Dos mitos clásicos, recogidos por Ovidio, nos servirán para orientarnos en el problema que aquí se plantea. Un problema referido la imagen, a su moderna representación, y a la ausencia de dicha iconografía en el Oriente islámico. ¿Por qué el Islam ha renunciado a la imagen, a su reproducción, tan común en Occidente? Los mitos que acuden en nuestra ayuda son Narciso y Pigmalión. Narciso, como trágico enamorado de su reflejo. Pigmalión, como aquel que sueña otorgarle vida a una escultura inerte.
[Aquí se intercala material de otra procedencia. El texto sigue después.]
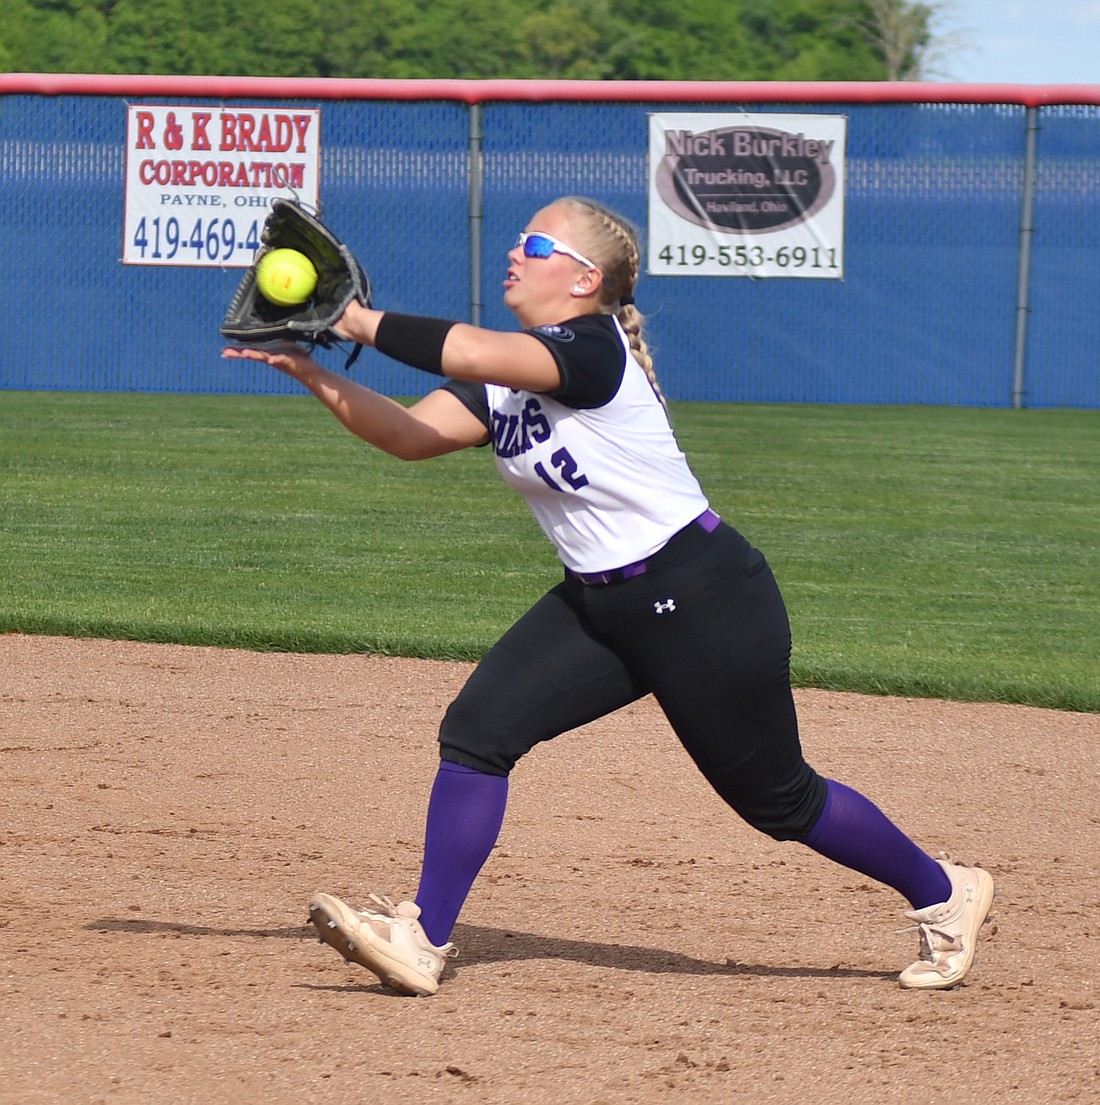 Ava Grisez, a junior at Fort Recovery High School, catches a line drive to record the second out of a potentially dangerous inning for the Indians during the Division III sectional championship on Friday night. Grisez played a large role in an offensive explosion late in the game that led the Indians to a 10-2 sectional title over the Wayne Trace Raiders. (The Commercial Review/Andrew Balko)

Del primero se desprenderá la forma en que el hombre occidental se ha enfrentado a la pintura -a la contemplación del mundo-, desde el Renacimiento; del segundo se derivará el motivo último de la prohibición islámica o mosaica de representar imágenes.

Si el Islam, o el Antiguo Testamento, repudiaron la construcción de ídolos, fue porque se trataba una burda copia del poder divino, obrada por la imaginación del hombre. En Pigmalión, esta cuestión se resuelve cuando los dioses, apiadándose del escultor, le insuflan vida a su criatura. En el Islam, dicho enigma (la similitud superficial, la abismática diferencia entre lo vivo y lo muerto), se expresa en una prohibición taxativa. Ese es el motivo de que su arte, en la vieja distinción de Worringer, Abstración y Naturaleza, sea más propenso a la geometría, al adorno lineal, que a una abierta emulación del mundo. No obstante, Belting postula aquí otra razón, mucho menos evidente. Tal razón es el diverso modo en que Oriente y Occidente consideraban la mirada y la propia forma en que funciona el ojo. Para los teóricos del Renacimiento, el ojo capturaba imágenes que se reproducían fielmente en su interior. Para la física oriental, sin embargo, el ojo sólo refracta luces, que luego la imaginación elabora. Así, partiendo de la Optica de Alhacén, escrita en El Cairo en el siglo XI, y profusamente divulgado en la Europa del Medievo, el Occidente cristiano compuso una ciencia de la perspectiva y una teoría de la imagen, desplegada luego en su pintura; mientras que el Oriente se ocupó de la luz, de sus leyes geométricas, reflejadas no sólo en su arquitectura, en su cerámica, sino en una escritura rigurosamente geometrizada.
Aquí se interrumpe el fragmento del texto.